What is it about someone telling you to be nice that makes you want to punch them in the face? We’ve all been there — making fun of someone for something they did, hating a girl because she’s prettier than you. It seems that we do these things instinctually, automatically pushing other people down on the social ladder to make ourselves seem higher. And maybe it is automatic and evolved and instinctual, or whatever, but I don’t care about any of that crap. It’s still messed up.

We surround ourselves with people we call our friends, but complain about them to our other friends behind their backs. We live in a time where we avert our eyes when walking past people we don’t know. Maybe we’ll glance at them (only to avert as soon as they start looking at us), but we don’t greet them — say, “hello, how are you?” and smile and wish them on their merry way. Why not do this? You can all think back to the last time a stranger smiled at you — made you want to smile back, right? An instant new friend you’ve just made! Wonderful. But, unless on vacation, we just aren’t like that very much, even though it’s drilled into our heads from the moment we are born: play nice, share, be kind, etc., etc. But we just aren’t. We don’t share. We constantly look for ways to exploit others and further our own motives, whether it’s sneaking the last of your roommate’s leftover pizza or the last of the alcohol at the party.

This kind of thinking is most easily done when the evils we do can’t be traced back to us. This is most commonly and easily done on the Internet, where anonymity rides strong. If we can comment without it reflecting back to us, we can say whatever we want. We can be as nasty and horrible as we can be — we’ve all been the Internet ‘troll,’ online and off. In a classic social psychology study on deindividuation, trick-or-treating children who were given the opportunity to steal extra pieces from a “take one” bucket on a porch took more when they were wearing a mask, less when not wearing a mask and even less when not wearing a mask and when a mirror was behind the bucket, so they could see themselves taking candy. Adding the mirror removed the children from their ingrained selfishness, allowing them to see themselves from another’s perspective.

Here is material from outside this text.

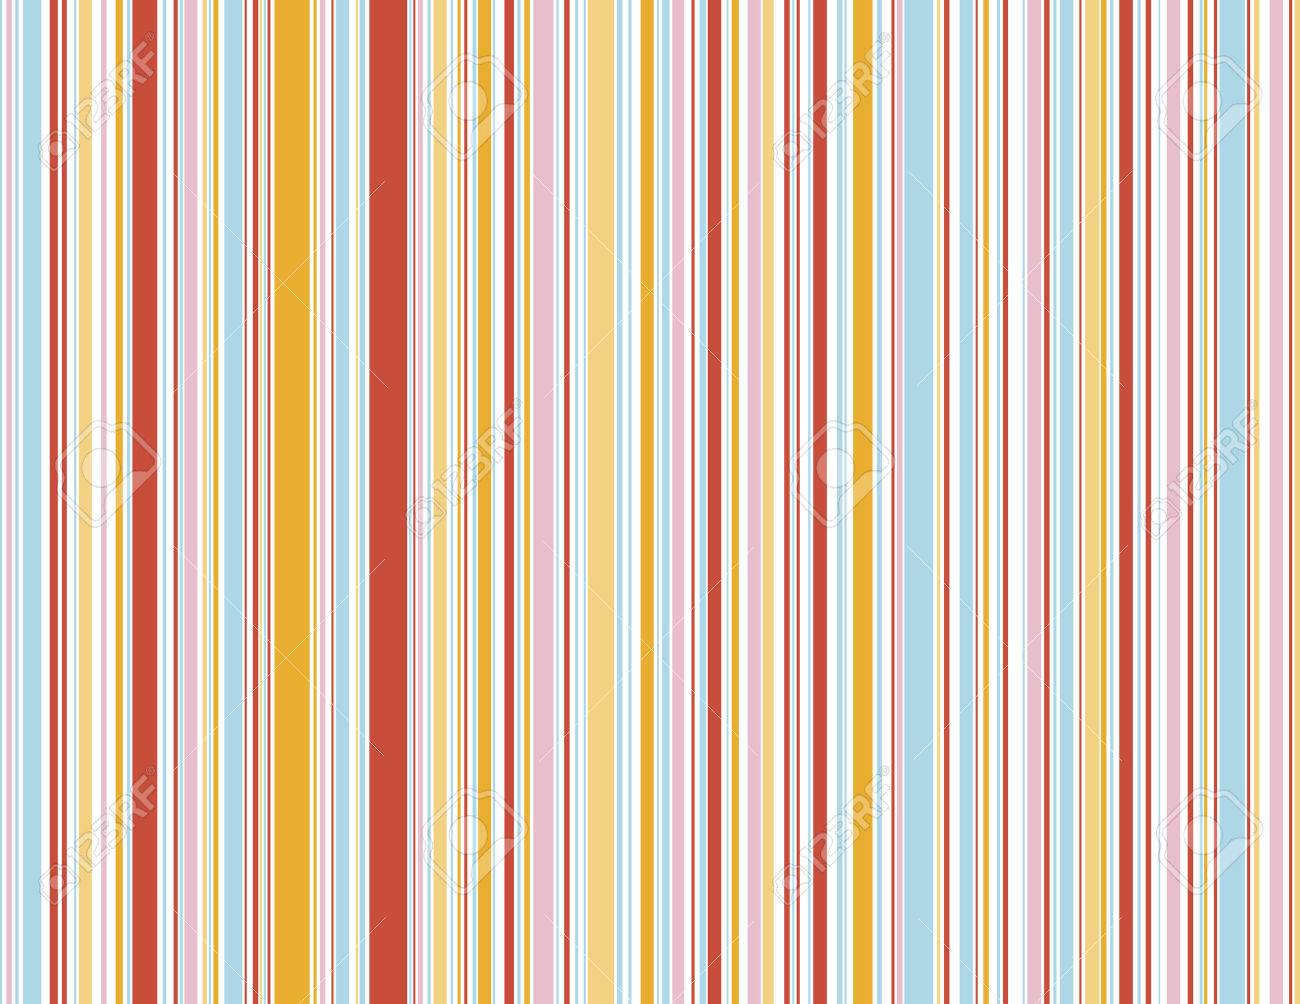 Retro Candy Stripes vector Illustrated Background Royalty Free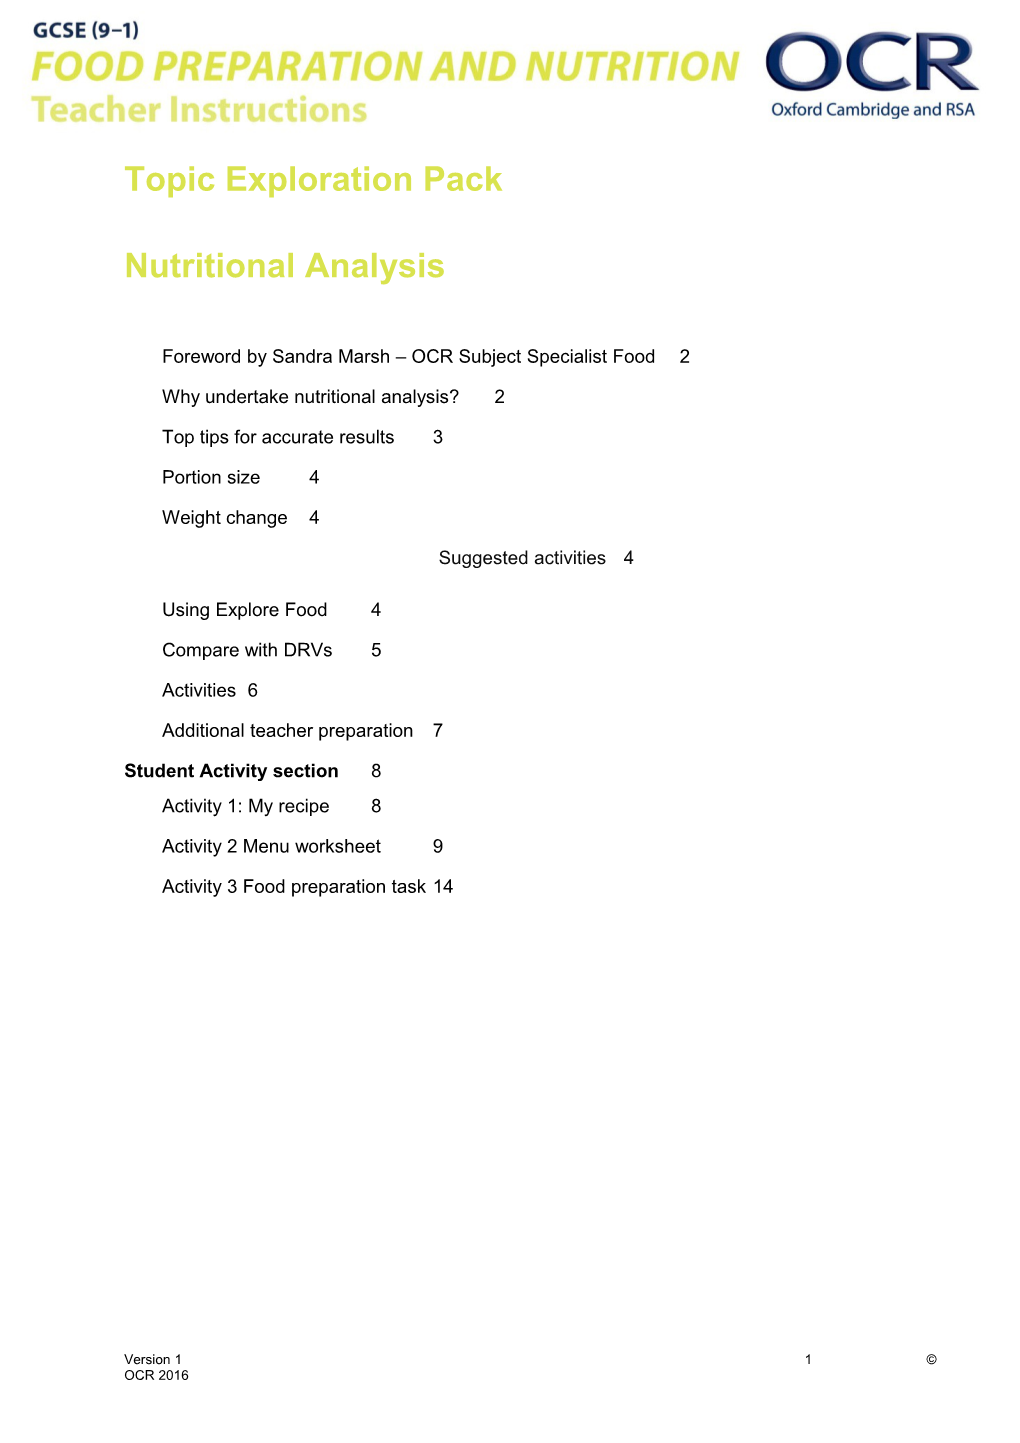 OCR GCSE (9-1) Food Preparation and Nutrition Topic Exploration Pack: Nutritional Analysis

Why does this happen? We treat others not as they deserve to be treated, but as if they’re playing an auxiliary role in the epic that is our life. Their goals and wishes are not as important as mine! you rightly think. How could they be? Your thoughts and hopes are so central, so immediate. Maybe if we could stay cognizant of the fact that the self we portray to others is a mere veneer of who we really are to ourselves, and that every single other person is living a life as complex and confusing as our own, maybe we could learn to be a little more tolerant of other peoples’ stupidity.

Whatever you may think, dear reader, this column isn’t about your stupidity. It’s about ignorance and trying to live a better, more effective, more efficient and happier life. It’s about being open to what you may or may not be doing wrong and deciding whether or not you want to change yourself (for the better, obviously). We all are living a troubled, complex and difficult life, whether or not it seems so on the outside. And because we can never pierce through that shell into each other’s troubled existences, it should become increasingly apparent that we should just do our best to be kind, to everybody — except that damn person trying to pay in exact change in front of me at Cuca’s. Asshole.

Daily Nexus columnist Kevin Ferguson wears a mask every Halloween.